For HUGIML, eligible adaptive-binning grids use the fast tuning path exposed by
``HUGIMLClassifierNative.tune``. Other estimators use their benchmark grids when
available, and models without a stable tuning grid remain on their fixed
baseline configuration.

.. code-block:: bash

   # Tune HUGIML and available baselines on a predefined dataset
   hugiml-bench --datasets breast_cancer --tune --n-splits 5 --inner-splits 3

   # Tune on a custom dataset
   hugiml-bench \
     --data data/customer_risk.csv \
     --target default_flag \
     --tune \
     --n-splits 5 \
     --inner-splits 3 \
     --output benchmarks/results/customer_risk_tuned

Tuning increases runtime because each outer fold runs an inner validation loop.
Use a smaller model set with ``--models`` when you need a focused comparison.

Programmatic use
----------------

The benchmark functions can also be imported from Python:

.. code-block:: python

   from hugiml.benchmarks.runner import run_benchmark, run_custom_benchmark

   built_in = run_benchmark(
       "breast_cancer",
       n_splits=5,
       output_dir="benchmarks/results",
       tune=True,
       inner_splits=3,
       models=["HUG-IML", "LightGBM", "RandomForest"],
   )

   custom = run_custom_benchmark(
       data="data/customer_risk.csv",
       target="default_flag",
       dataset_name="customer_risk",
       output_dir="benchmarks/results/customer_risk",
       tune=False,
   )

Outputs
-------

Each dataset run writes per-fold metrics and summary artifacts when
``--output`` or ``output_dir`` is provided:

* ``<dataset>_results.csv`` with fold-level metrics.
* ``<dataset>_summary.json`` with mean and standard deviation summaries.
* ``full_report.csv`` when multiple datasets are run from the CLI.
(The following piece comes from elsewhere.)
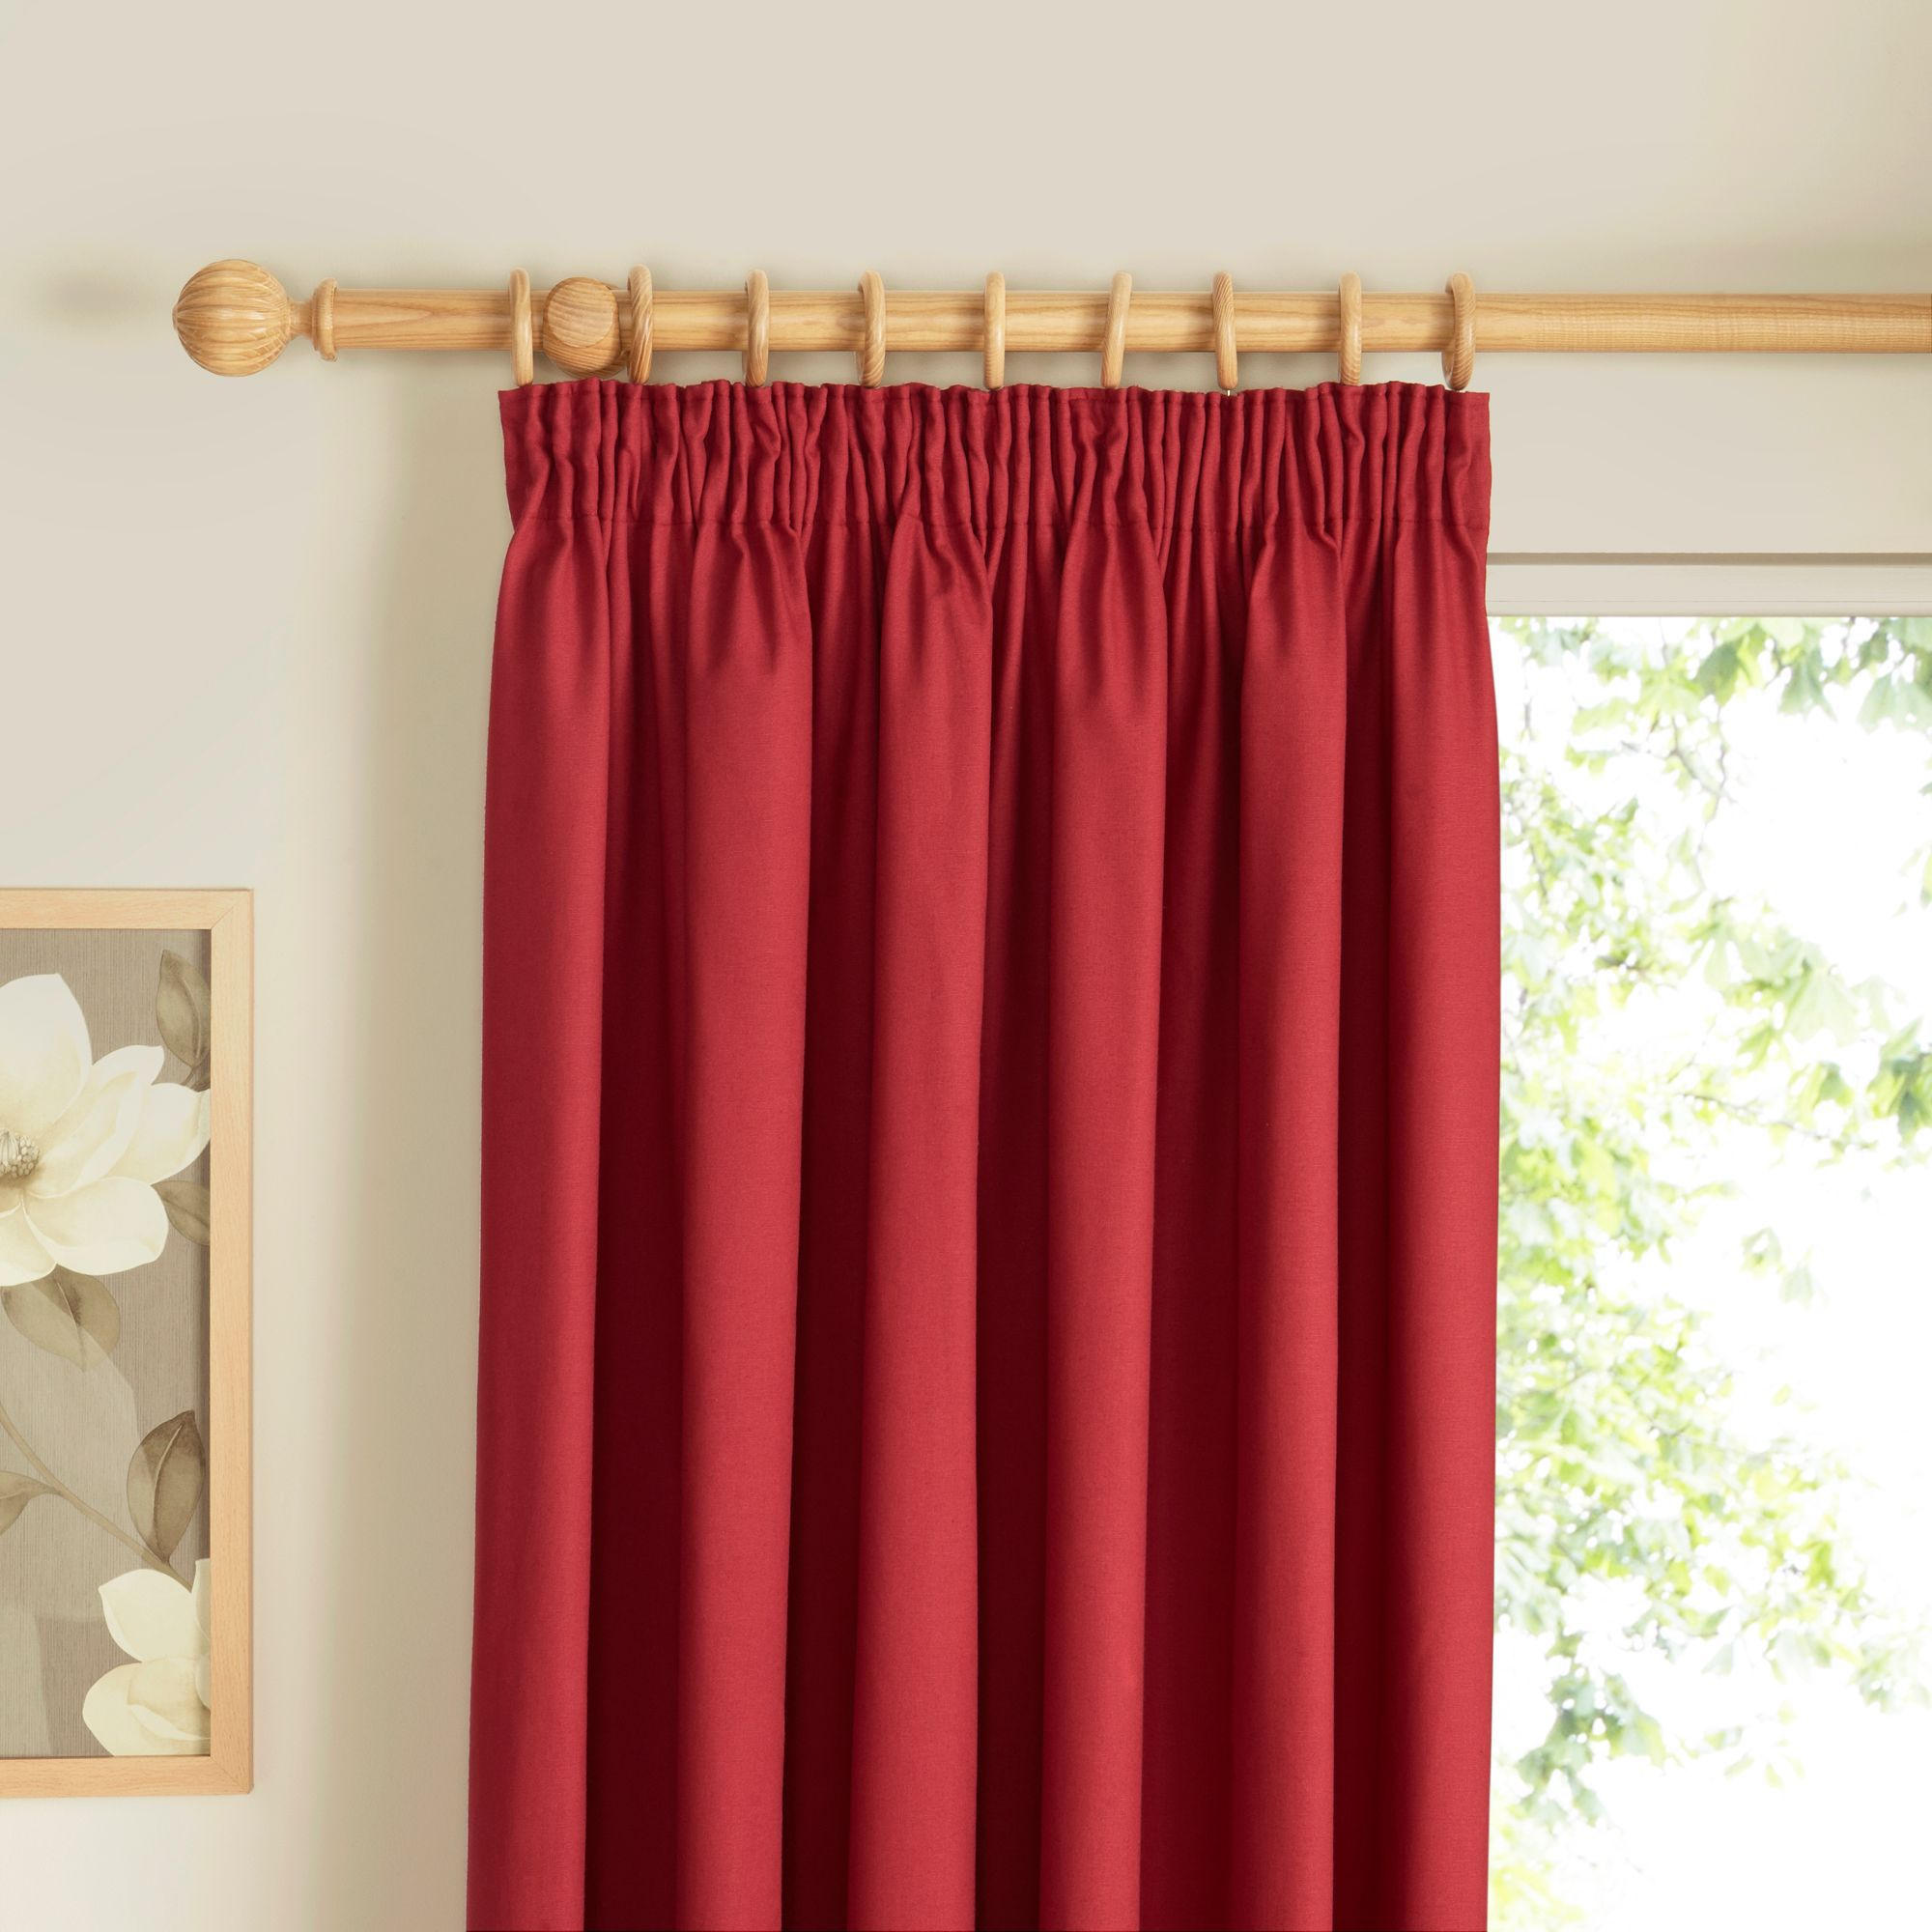 Strawberry Kitchen Curtains Prestige Strawberry Plain Pencil Pleat Lined Curtains W167cm L

Reported metrics include accuracy, balanced accuracy, ROC-AUC, average
precision, F1, Brier score, fit time, prediction time, and tuning time when
``--tune`` is enabled. Tuned runs also record the selected parameter summary and
best inner-CV score where available.

Benchmark visuals
-----------------

.. image:: images/benchmark_comparison.png
   :alt: HUGIML benchmark comparison
   :width: 760px

.. image:: images/realworld-credit-risk-benchmark.png
   :alt: Real-world credit risk benchmark
   :width: 760px

.. image:: images/synthetic-nonmonotonic-benchmark.png
   :alt: Synthetic non-monotonic benchmark
   :width: 760px

Missing-value robustness
------------------------

.. image:: images/missing_value_benchmark.png
   :alt: Missing-value robustness benchmark
   :width: 760px

Interpretation guidance
-----------------------

The benchmark suite should be read as a trade-off analysis, not as a universal
ranking. Boosted tree models can deliver high raw predictive scores, while
HUGIML emphasizes compact pattern-level explanations, governance artifacts, and
auditable behavior. For larger datasets, start with ``L=1`` and a bounded
``topK`` to keep mining and audit complexity manageable. The fused native
``L=1`` path is the preferred benchmark setting for large adaptive-binning runs
because it avoids intermediate adaptive binned-matrix materialization.

Reproducibility notes
---------------------

* Record dataset versions, preprocessing, train/test splits, and random seeds.
* Compare both mean and standard deviation across folds.
* Include complexity measures such as number of patterns, active patterns per
  prediction, fitted-feature count, and fit time.
* Use statistical tests or confidence intervals when differences are small.